Эдуарду Артемьеву 78 лет; тридцать из них он работает над «Преступлением и наказанием». Фото: Варвара Лозенко (Коммерсантъ)
В Московском театре мюзикла — мировая премьера оперы Эдуарда Артемьева «Преступление и наказание». В роли режиссера-постановщика выступает Андрей Кончаловский, он же написал либретто совместно с Юрием Ряшенцевым при участии Марка Розовского. Над оперой Артемьев работал около 30 лет: начал в середине 1970-х, закончил в 2007-м. Тогда же вышел двойной альбом с записью «Преступления и наказания». Для нынешней постановки опера была существенно переработана, став рок-оперой.
Бросить Достоевского
Из опер, написанных по Достоевскому, репертуарными стали только две: «Из мертвого дома» Яначека и «Игрок» Прокофьева. Как вы решились взяться еще за одну?
Когда Кончаловский мне эту работу предложил, у него был уже готовый сценарий, для которого Ряшенцев написал потрясающие стихи: получился почти текст Достоевского — мастерство величайшее! Я увидел настолько высокий класс работы, что не был готов взяться. Шел год, думаю, 1974-й. Я сказал, что не буду это делать, — тема совершенно не моя, и с такими гигантами я не готов встречаться. Андрон в 1979 году уехал в Лос-Анджелес, оттуда мне названивал, пытался руководить издалека. Был момент, когда я начал очень бодро: написал одну из арий Раскольникова, арию шарманщика и народную сценку… а потом фигура Федора Михайловича совершенно меня подавила. Я остановился. Андрон опять меня взбодрил: «Да брось ты Достоевского, опера совершенно не про это». Я много раз бросал и начинал снова, но это все оказались эскизы.
Из них в окончательный вариант что-нибудь вошло?

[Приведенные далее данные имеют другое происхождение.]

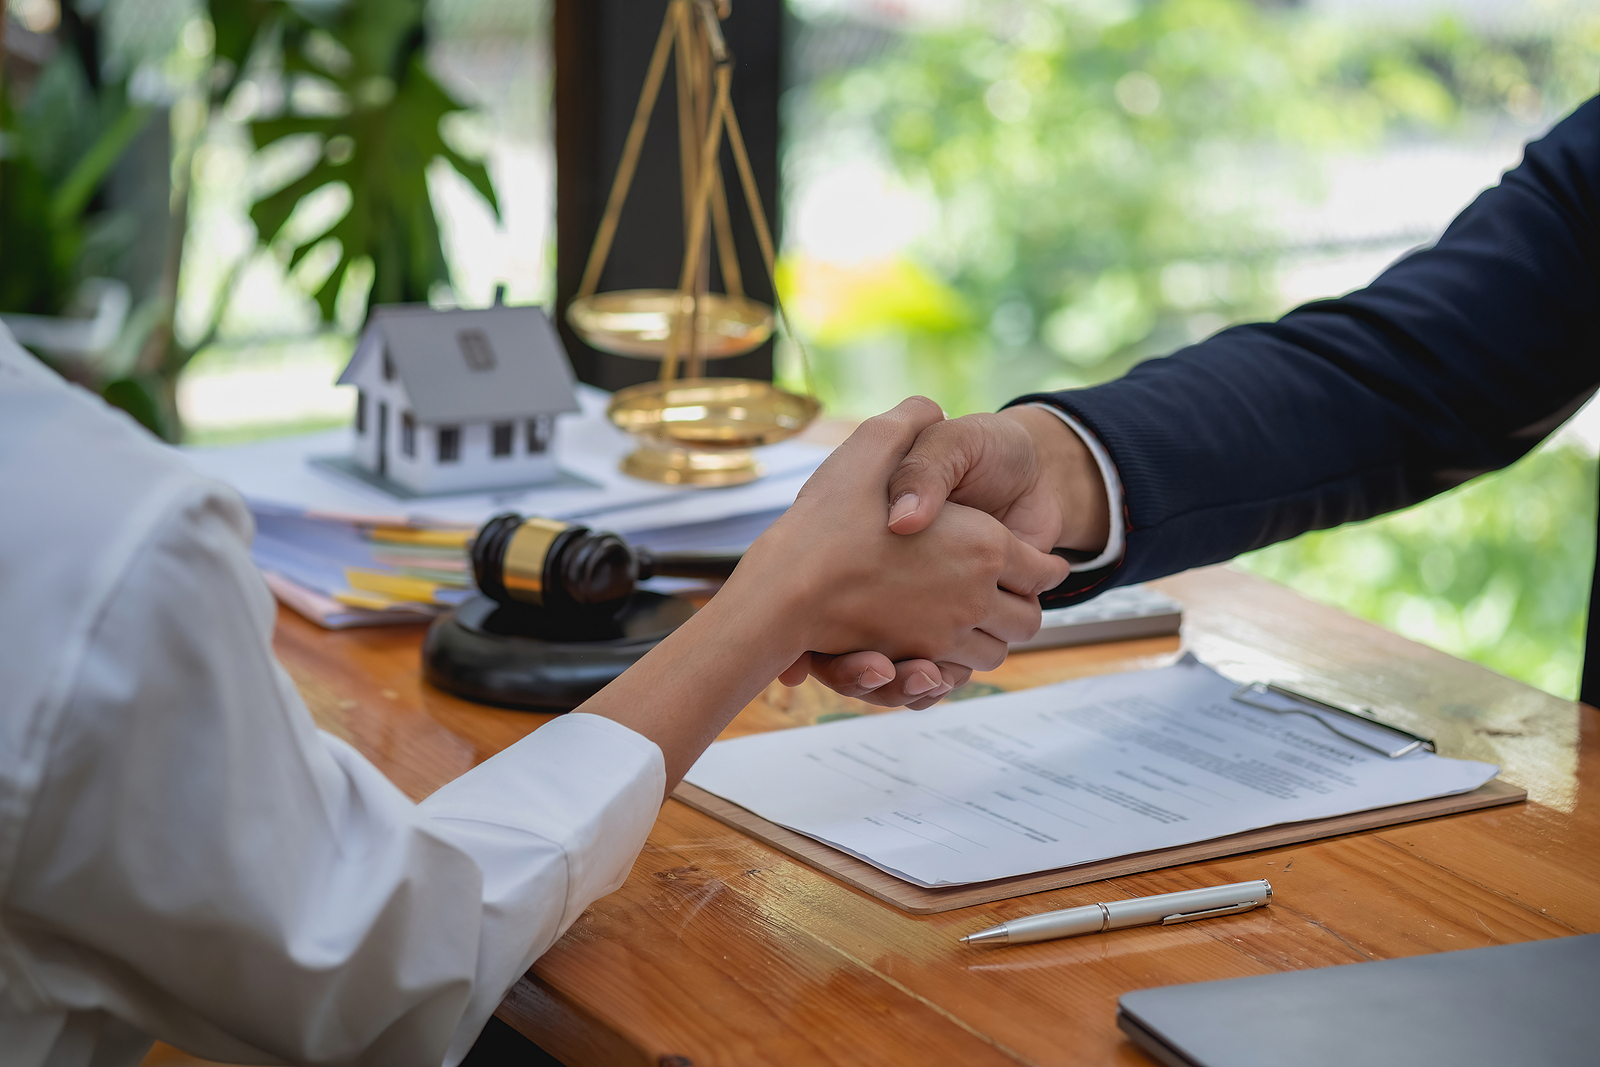 When Should I Contact a Workers’ Compensation Lawyer?

Два номера. И еще вальс. Зато остался опыт! На пару опер еще у меня точно накопилось — я в кино это использую. Когда мне исполнилось шестьдесят лет в 1997 году, Андрон опять звонит: «Если ты сейчас не бросишь все, ты эту оперу никогда не напишешь. Тебе уже шестьдесят, дальше начнутся болезни, способы выживания, пенсия…» Меня вдруг проняло, я понял, что это правда. У меня были работы в кино, я отказался, на два года из общественной жизни исчез и все написал. Никогда больше не писал с таким увлечением: засыпал, просыпался с этой музыкой, у меня никогда такого не было счастья работы.
На репетициях рок-оперы «Преступление и наказание» в Московском театре мюзикла (постановка Андрея Кончаловского). Фото: Юрий Богомаз
ОМОН с дубинками
В постановке действие происходит в наше время? Присутствует ли в ней образ Петербурга?

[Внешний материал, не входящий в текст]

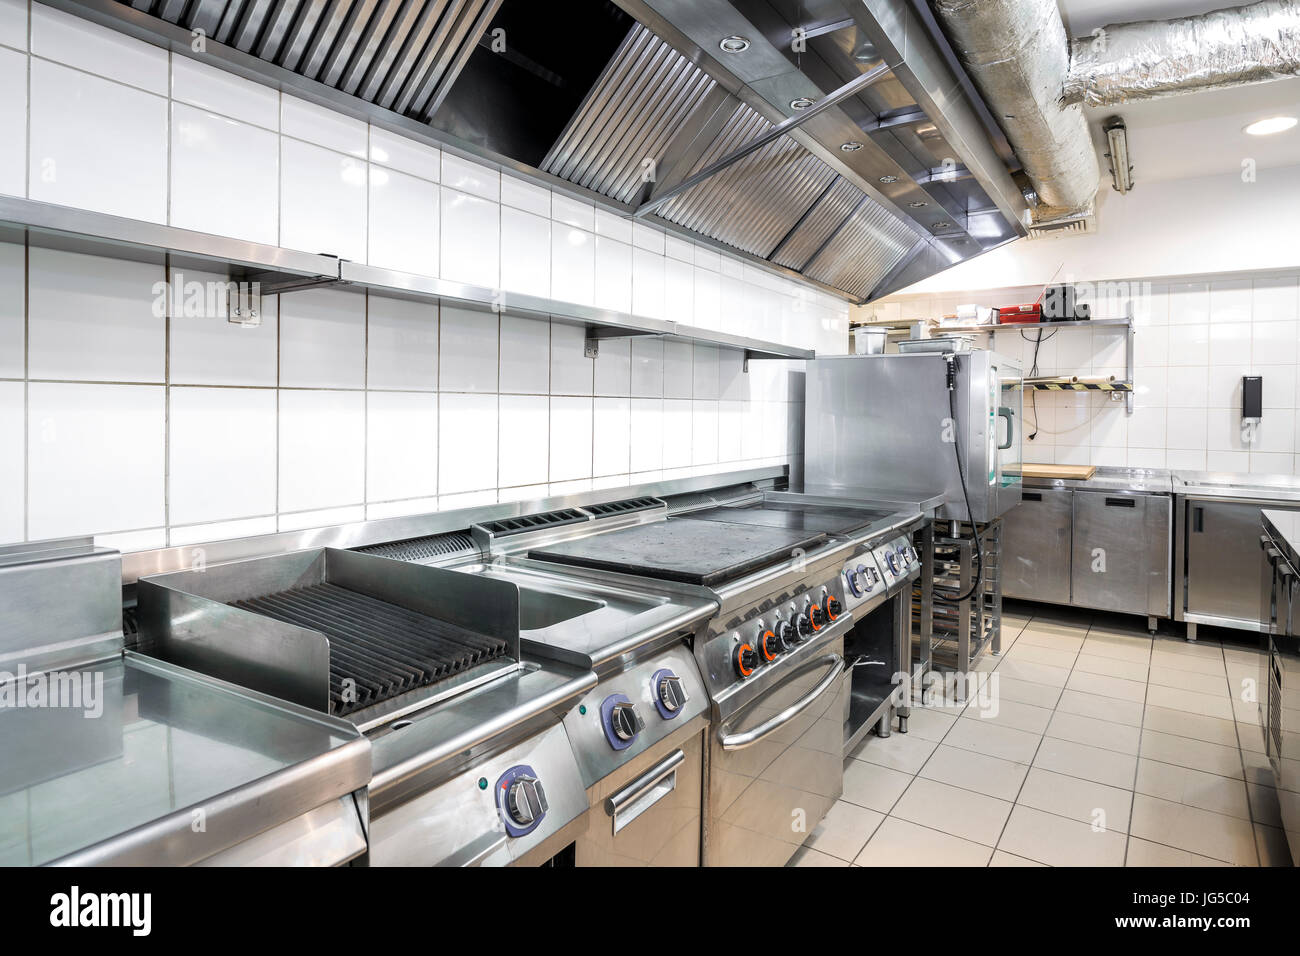 Modern kitchen in the restaurant with stainless equipment Stock Photo

Скорее вне времени, но с намеком на наше. И Раскольников, и девочки, и город — сегодняшние, будет и сцена в метро: там старуха-процентщица держит ларек с цветами, заодно в рост деньги дает и девочек содержит. Там же он ее и убивает. Образ Петербурга же у нас воплощен в вальсе. В варианте, который вышел на CD, я очень берег этот номер, и он звучал только дважды: во время наводнения и во время исповеди Свидригайлова. Он рассказывал о своем кредо под вальс, который слышен из сада, где играл духовой оркестр. А здесь вальс стал чуть ли не главной темой, и о том, что это Петербург, речи нет. Это скорее даже Москва.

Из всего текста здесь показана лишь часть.